Right now, I'm taking a break from recording. Yes, Matthew Clark is here with his traveling recording equipment ("Where did you record?" - "Suitcase Studio," I reply.) It can be quite exhausting to record, and though I've been looking forward to it for quite some time, in some ways I'm looking forward to it being completed. I don't dislike recording altogether, but I don't love the way it has you look at your music, with a painfully critical ear, making you nervous and overly conscious over every single note that escapes your mouth. I miss more guitar chords and squeak out more off-notes than usual. Yes, I prefer house concerts and living room praise choruses and shower-singing.
Yet, I've also discovered something else today, that recording is like a spiritual discipline.

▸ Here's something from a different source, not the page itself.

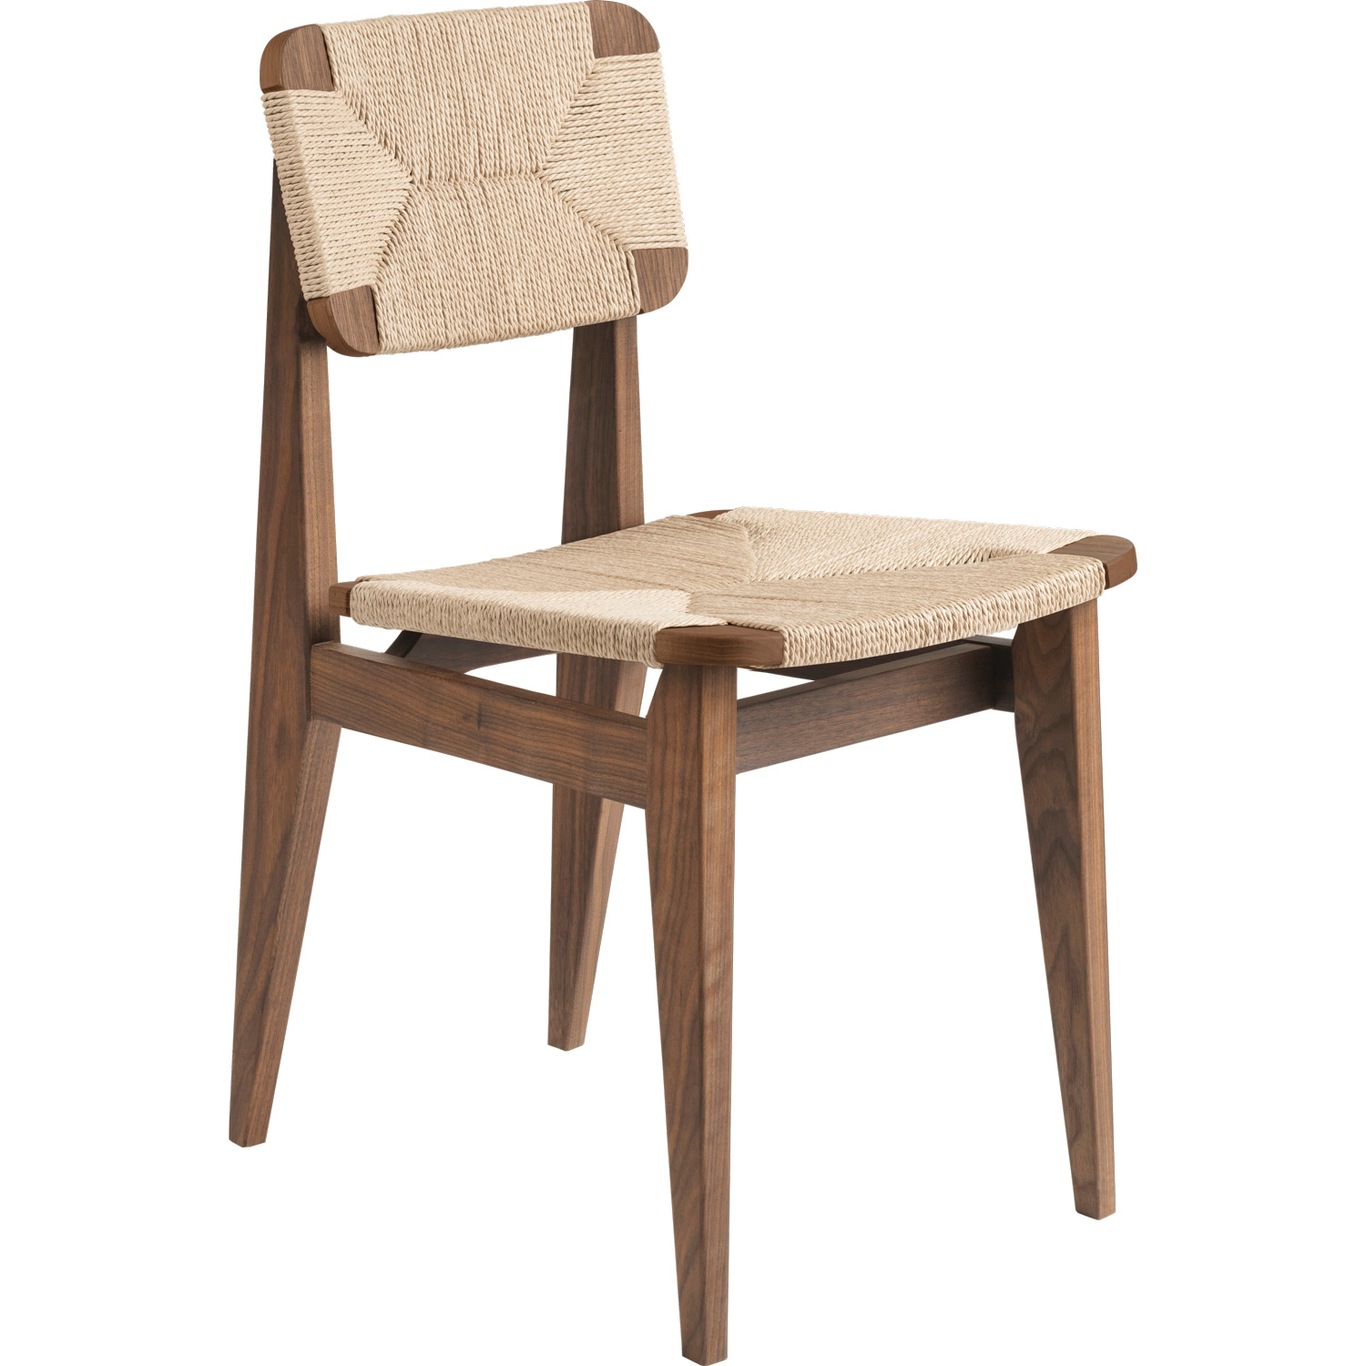 C-Chair Chair, Paper Cord / Oiled Walnut

Not in the sense that you are doing it all the time, but in the sense that sometimes you don't want to; it is hard, and it is necessary. Matthew said today that when we write songs and play them live, they are developing... changing and forming into their best form. Then, we are ready to record them, to make them solid and complete. They've been tried and tested, and so we need to do "finish" them (though they live on and on and we continue to play them over and over and over...) This helps us even move on in writing more, to change and grow, to see new experiences through the lense of song-writing. I can often feel an experience even more fully by putting it into a song, singing it over and over makes it even more real to me.
I am resting right now, as Jeff is in there putting drum tracks over my vocals and guitar. Matthew will go home and add some bass, some harmony vocals, etc.
Together, we'll make this music complete. What's best about recording is the togetherness of it all. I need Matthew; I need Jeff. We do this together.